Pythonic LLM inference on legacy GPUs using Vulkan

Project description

VulkanIlm 🚀🔥

GPU-Accelerated Local LLMs for Everyone (Vulkan + Ilm — "knowledge")

VulkanIlm is a Python-first wrapper and CLI around llama.cpp's Vulkan backend that brings fast local LLM inference to AMD, Intel, and NVIDIA GPUs — no CUDA required. Built for developers with legacy or non-NVIDIA hardware.


TL;DR

  • What: Python library + CLI to run LLMs locally using Vulkan GPU acceleration.
  • Why: Most acceleration tooling targets CUDA/NVIDIA — VulkanIlm opens up AMD & Intel users.
  • Quick result: Small models can run orders of magnitude faster on iGPUs; mid/large legacy GPUs get ~4–6× speedups vs CPU.

Key features

  • 🚀 Significant speedups vs CPU on legacy GPUs and iGPUs
  • 🎮 Broad GPU support: AMD, Intel, NVIDIA (via Vulkan)
  • 🐍 Python-first API + easy CLI tools
  • ⚡ Auto detection + GPU-specific optimizations
  • 📦 Auto build/install of llama.cpp Vulkan backend
  • 🔄 Real-time streaming token generation
  • ✅ Reproducible benchmark scripts in benchmarks/

Benchmarks (summary)

Benchmarks measured with Gemma-3n-E4B-it (6.9B) unless noted. Results depend on model quantization, GPU drivers, OS, and system load.
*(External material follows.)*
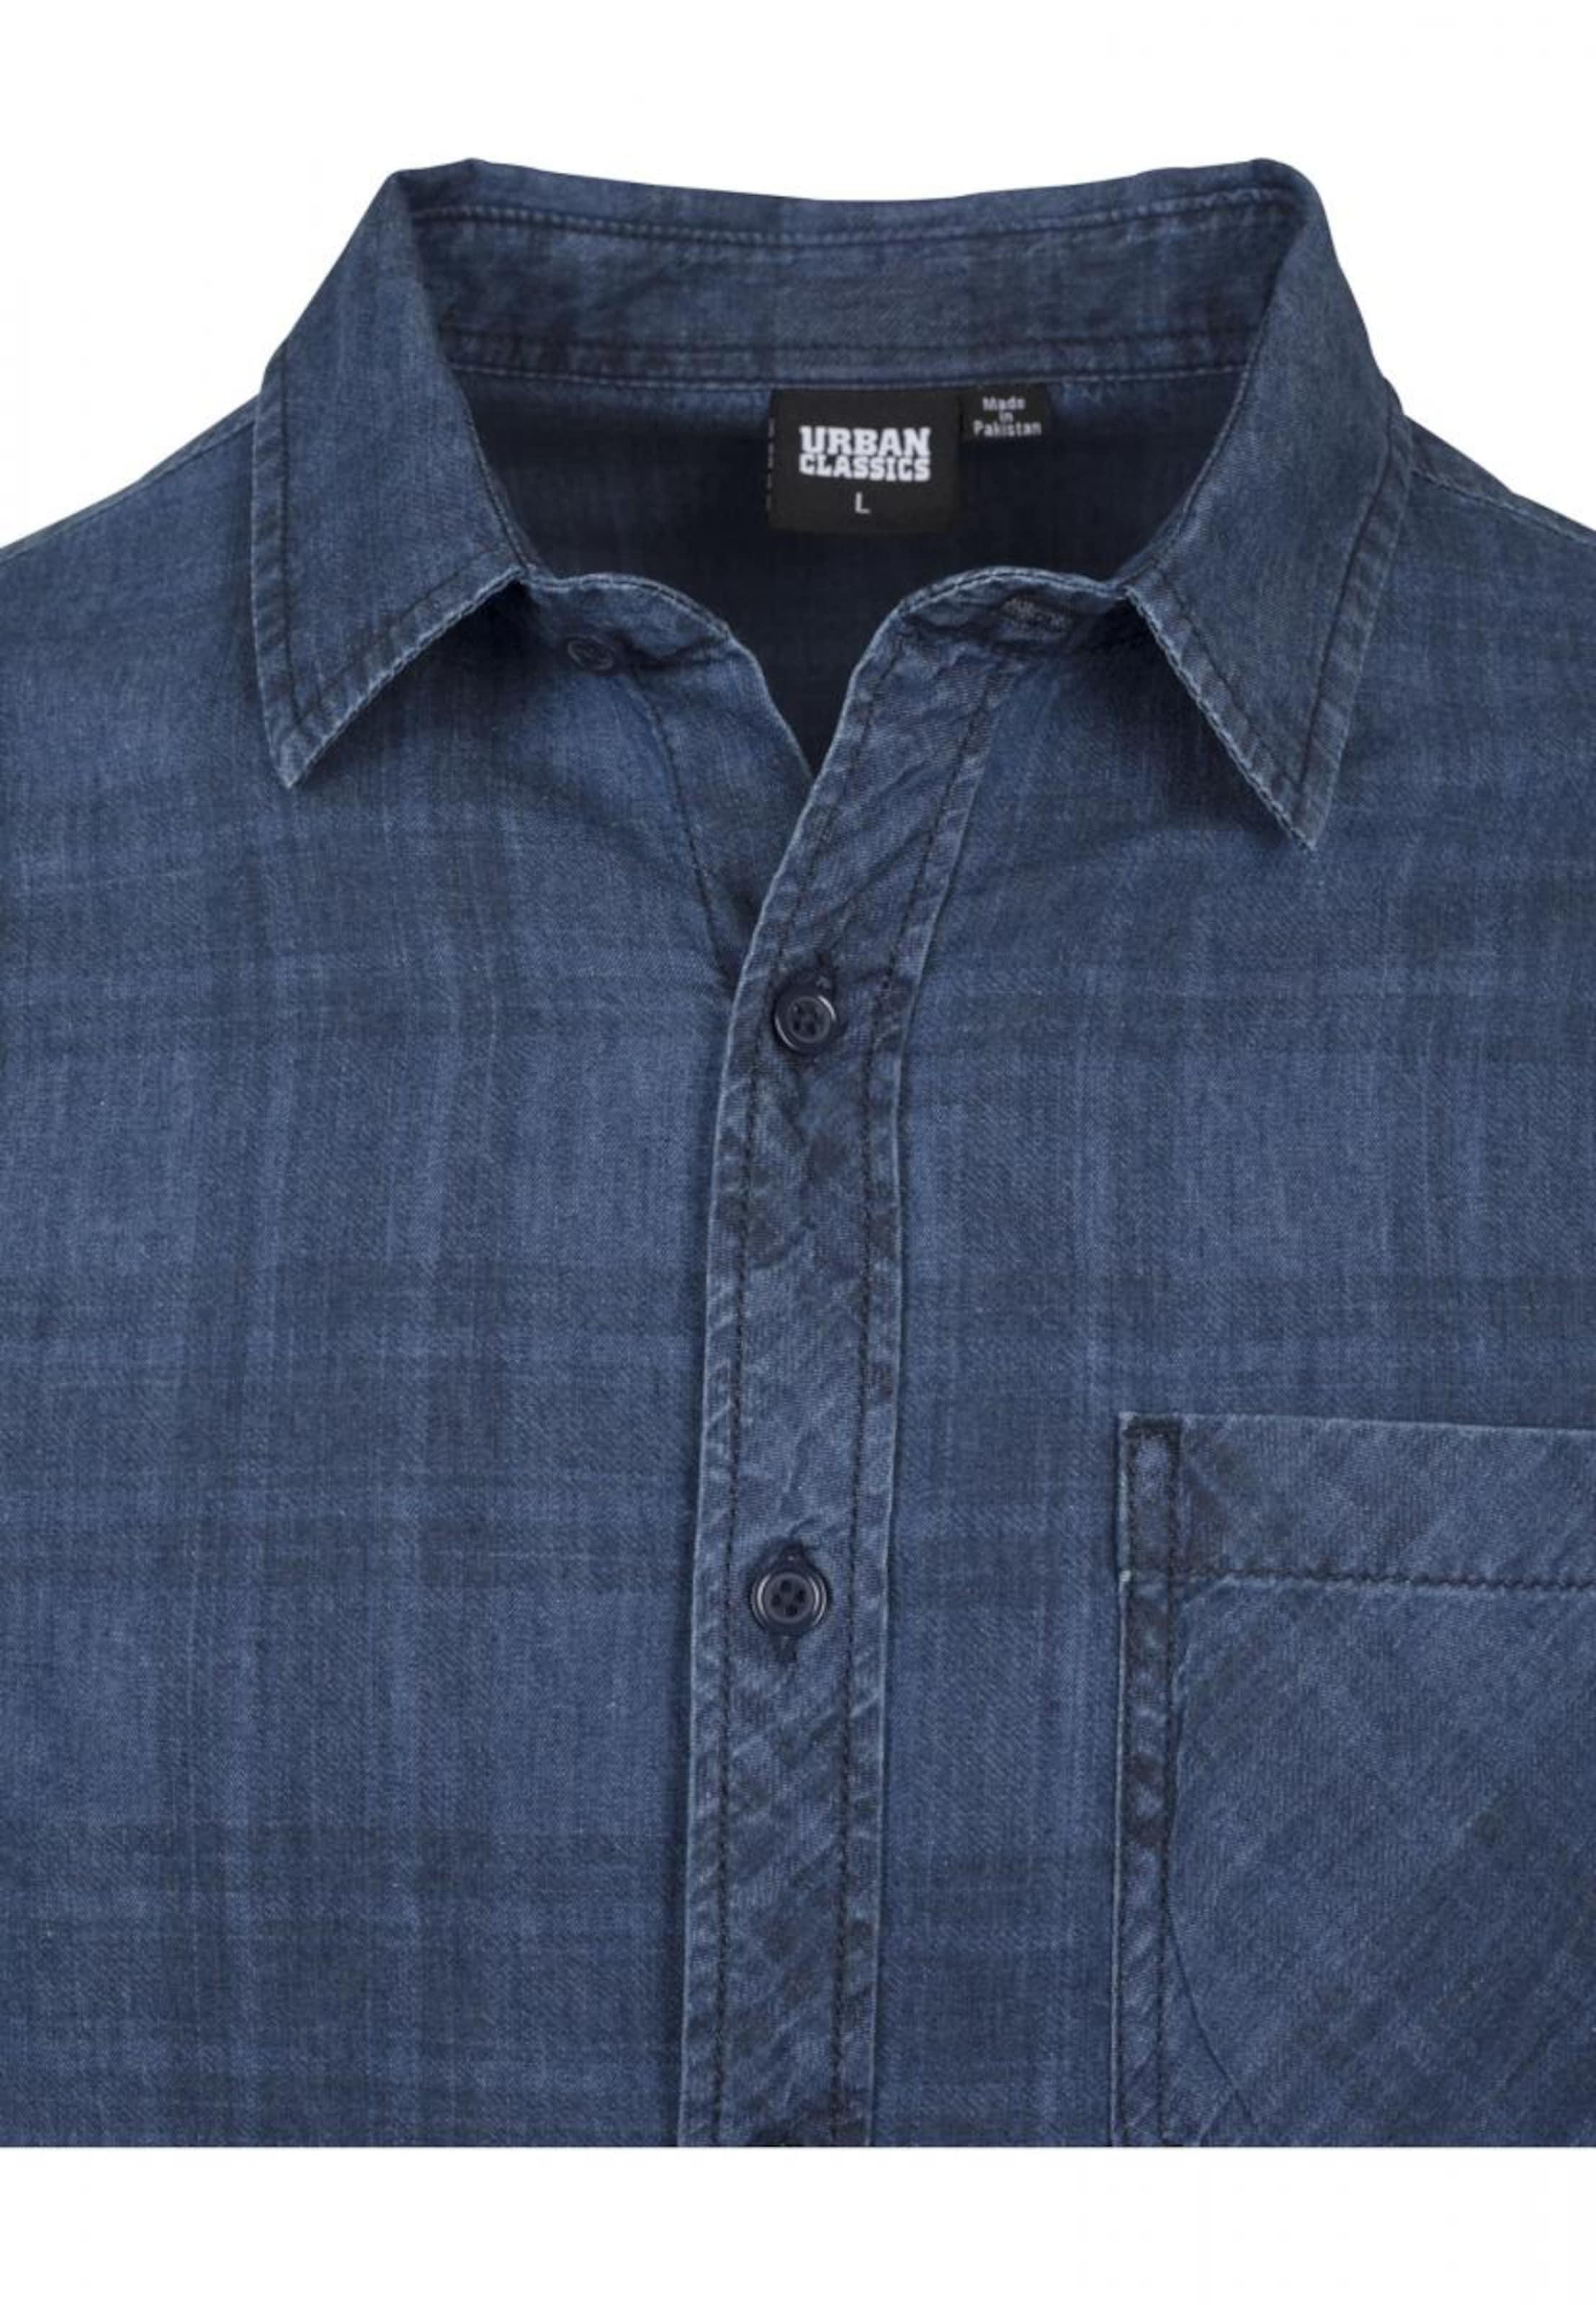 'check' Classics Blue In Shirt Urban Denim O80wnkXP

Hardware (OS) Model CPU time Vulkan (GPU) time Speedup
Dell E7250 (i7-5600U, integrated GPU) — Fedora 42 Workstation TinyLLaMA-1.1B-Chat (Q4_K_M) 121 s 3 s 33×
AMD RX 580 8GB — Ubuntu 22.04.5 LTS (Jammy) Gemma-3n-E4B-it (6.9B) 188.47 s 44.74 s 4.21×
Intel Arc A770 Gemma-3n-E4B-it (6.9B) ~120 s ~25 s ~4.8×
AMD RX 6600 Gemma-3n-E4B-it (6.9B) ~90 s ~18 s ~5.0×

iGPU notes

  • The Dell E7250 iGPU result shows older integrated GPUs can be very effective for smaller LLMs when using Vulkan.
  • Smaller models and appropriate quantizations are more iGPU-friendly. Driver/version differences significantly affect results.

Other tested (functional) models

  • DeepSeek-R1-Distill-Qwen-1.5B-unsloth-bnb-4bit — runs (not benchmarked).
  • LLaMA 3.1 8B — runs (not benchmarked).

ROCm / AMD notes

  • ROCm is not officially supported for gfx803 (RX 580).
  • Some community members try ROCm 5/6 workarounds on RX 580, but they are unstable/unsupported.
  • VulkanIlm offers a Vulkan-based path that avoids ROCm on legacy AMD cards.

Install

Quick start

git clone https://github.com/Talnz007/VulkanIlm.git
cd VulkanIlm
pip install -e .

Prerequisites

  • Python 3.9+
  • Vulkan-capable GPU (AMD RX 400+, Intel Arc/Xe, NVIDIA GTX 900+)
  • Vulkan drivers installed and working

Install Vulkan tools (if needed)

Ubuntu / Debian:

sudo apt update
sudo apt install vulkan-tools libvulkan-dev

Fedora / RHEL:

sudo dnf install vulkan-tools vulkan-devel

Verify:

vulkaninfo

Usage

CLI examples

# Auto-install llama.cpp with Vulkan support
vulkanilm install

# Check your GPU setup
vulkanilm vulkan-info

# Search and download models (if supported)
vulkanilm search "llama"
vulkanilm download microsoft/DialoGPT-medium

# Generate text
vulkanilm ask path/to/model.gguf --prompt "Explain quantum computing"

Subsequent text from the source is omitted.